At this point a few additional steps are needed:
- Convert SIL Ethnologue codes to ISO 639-3. For the most part, especially with minority languages like these, these will be the same, but there are exceptions.
- Perform validation on the OSIS files (either with xmllint or (preferrably) Xerces).
- Port the whole thing to Linux so that it can be run on the server. (At the moment TECkit is the only obstacle, but the source code will probably compile under Linux.)
Since the 43 Bibles from WBTI are encoded using similar practices and will likely have similar problems in Sword software, we should keep discussion in a single place. Nevertheless, if you do see a problem, it would be good to note not only the location (which verse) where you spot a problem but also the particular Bible that it appears in.
Our discussion should focus on how we can make our software work better with this content as it is, rather than how we can fix the content. The content itself validates against the OSIS 2.1.1 schema (after some corrections), according to Xerces.

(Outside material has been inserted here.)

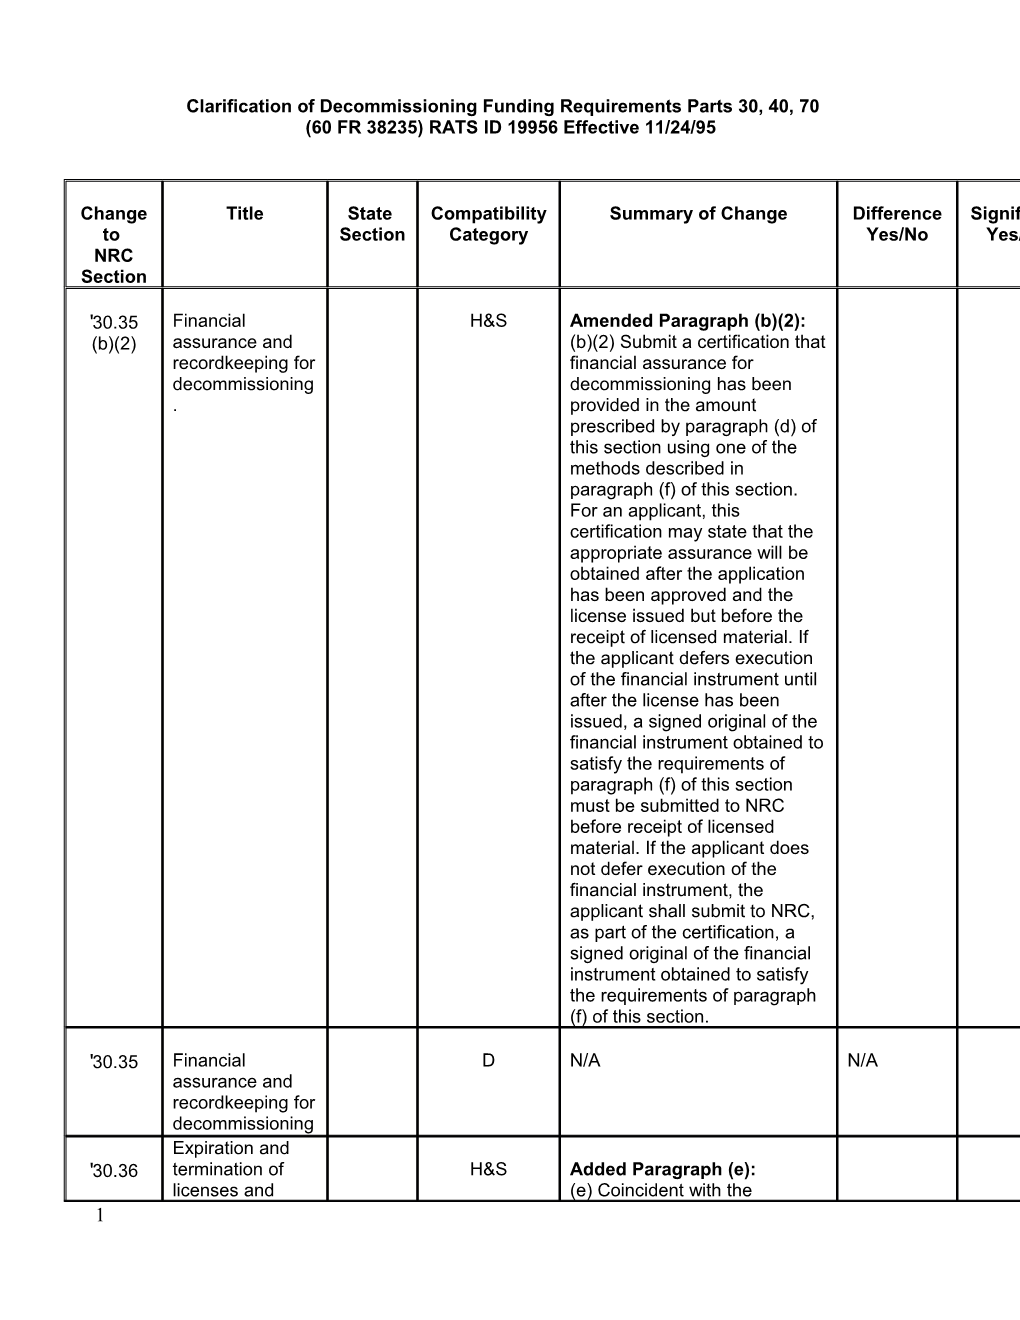 Clarification of Decommissioning Funding Requirements Parts 30,40,70

--Osk 20:42, 30 June 2008 (MDT)
(moved from Wycliffe Bibles section of beta modules page by Osk, original by Dmsmith)
Many modules have a problem with notes tied to headers. This may not be a module problem, but an osis2mod problem or a SWORD engine problem. For example, using SW to view Matt 5:21, there is a note marker that stands before the verse number and the heading appears after the verse number. Perhaps as a side effect, there is way too much whitespace (blank lines) surrounding the note. And the note have no content.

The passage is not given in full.